EXERCISE DIRECTIONS:
In the records that follow, find the line with "amd-ryzen-9-3950x-aida64-stress-test-power-consumption_1"; from there, retype every line exactly through the line with "Kentucky Limo: 1961 Cadillac Fleetwood 75", which also belongs to the answer.

THE DATA:
-----

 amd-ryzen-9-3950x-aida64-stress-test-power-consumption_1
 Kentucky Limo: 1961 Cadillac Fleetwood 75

-----

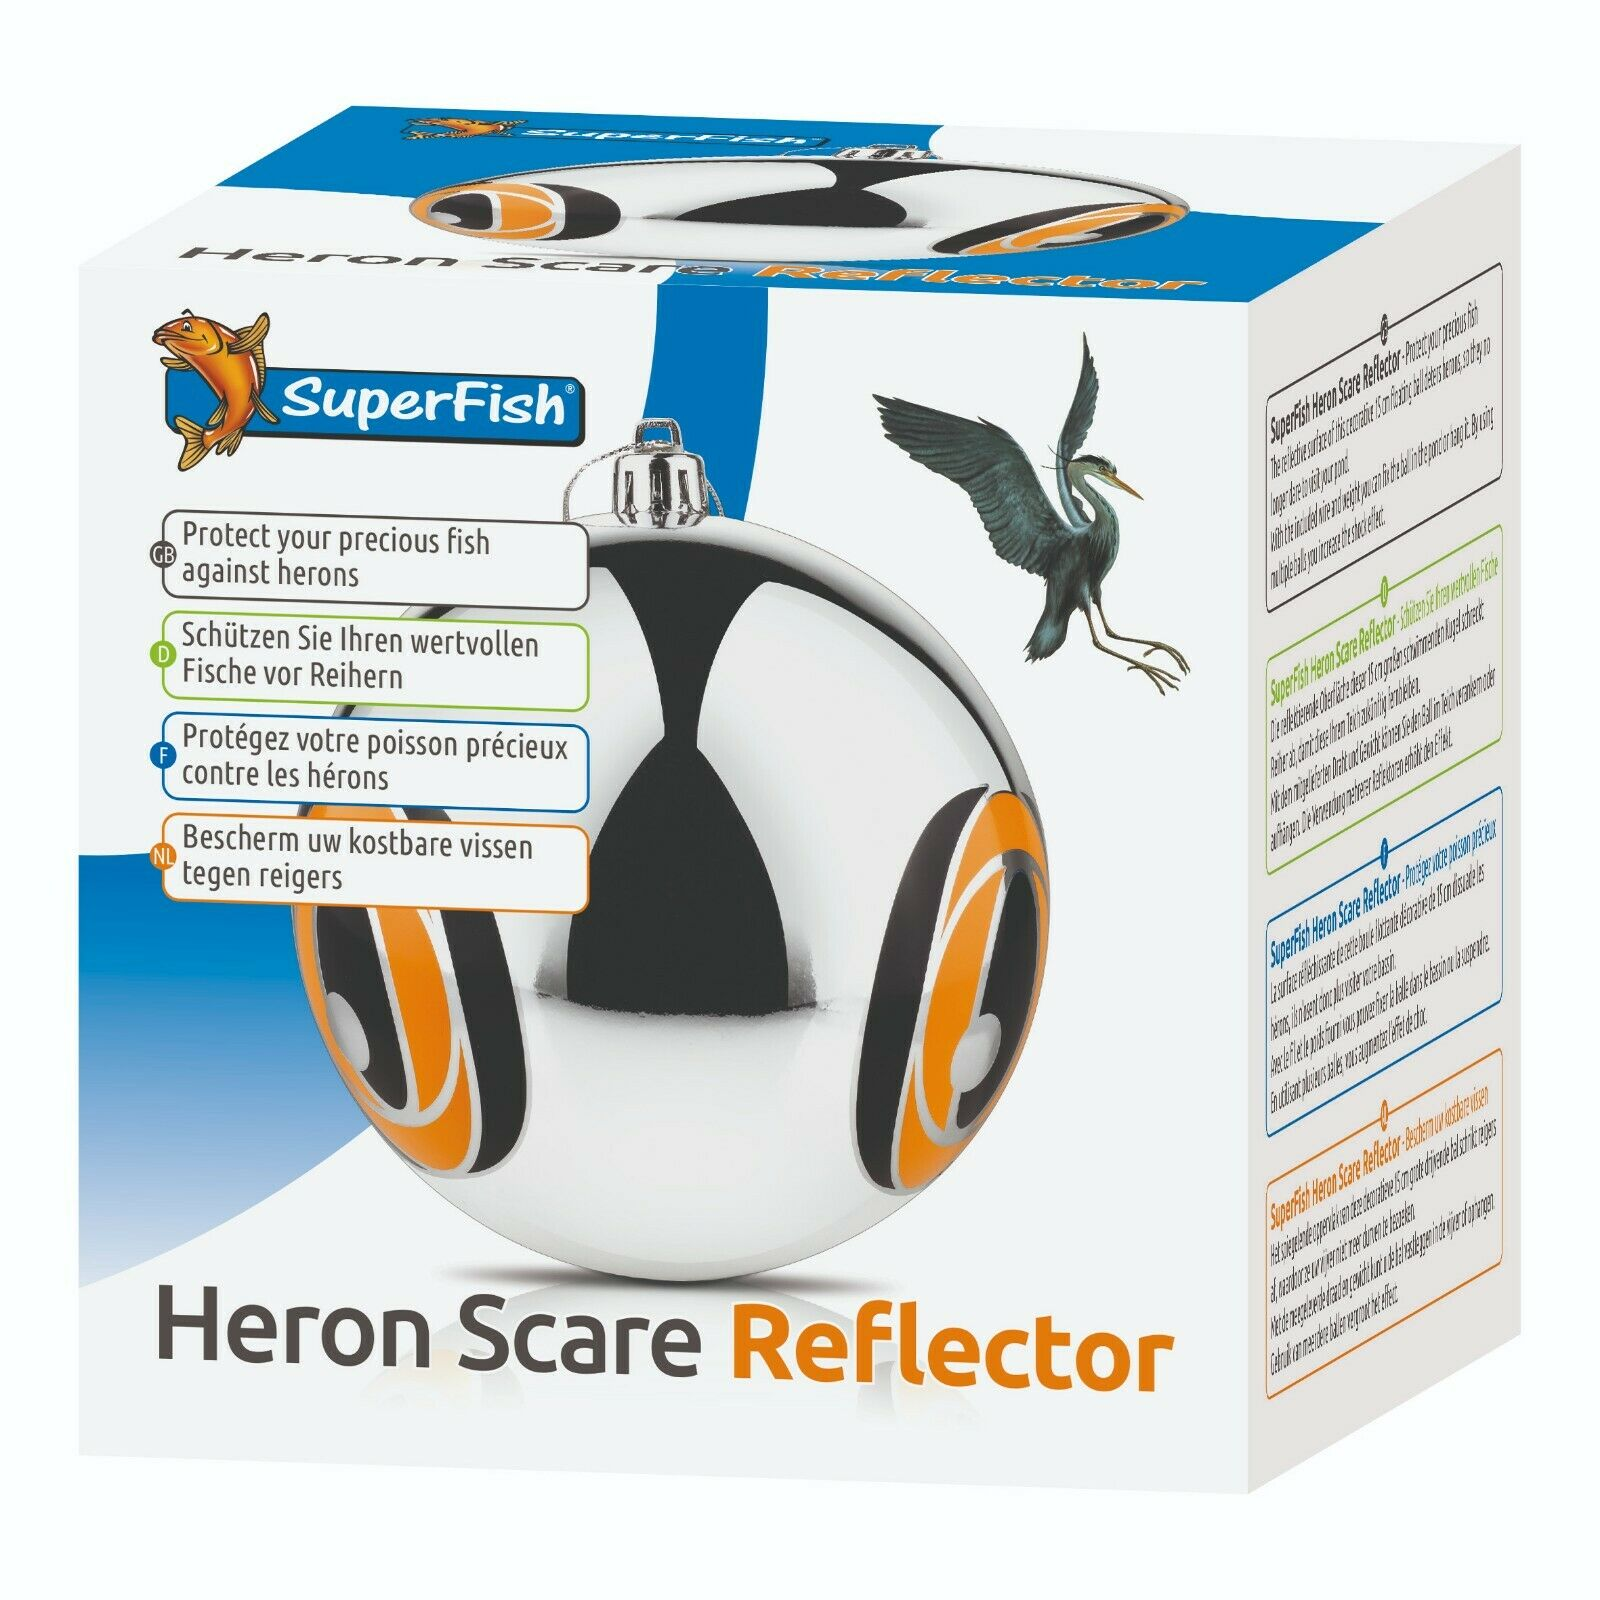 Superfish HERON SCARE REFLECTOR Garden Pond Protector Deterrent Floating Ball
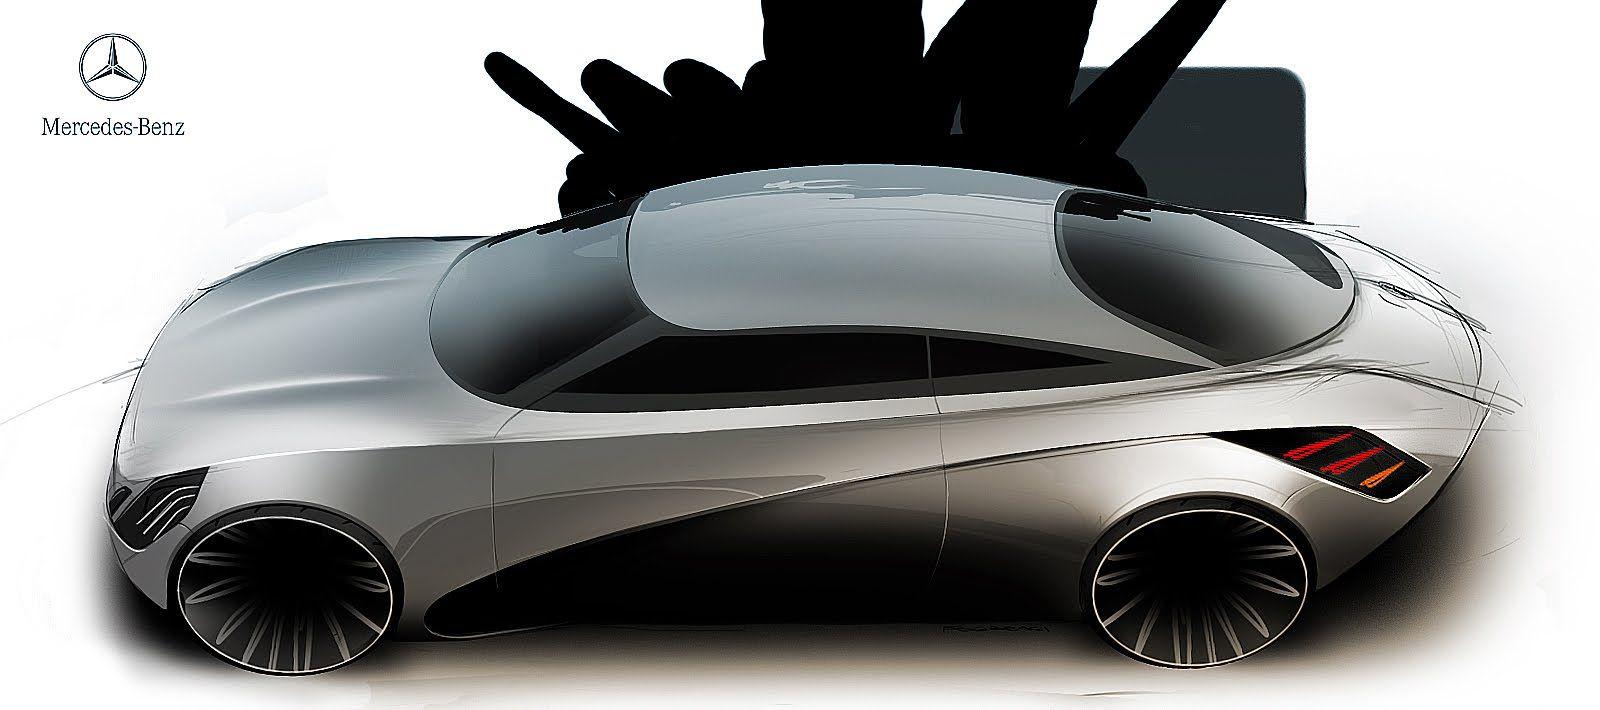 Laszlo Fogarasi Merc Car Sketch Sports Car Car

-----

RESPONSE BOX:
 amd-ryzen-9-3950x-aida64-stress-test-power-consumption_1
 Kentucky Limo: 1961 Cadillac Fleetwood 75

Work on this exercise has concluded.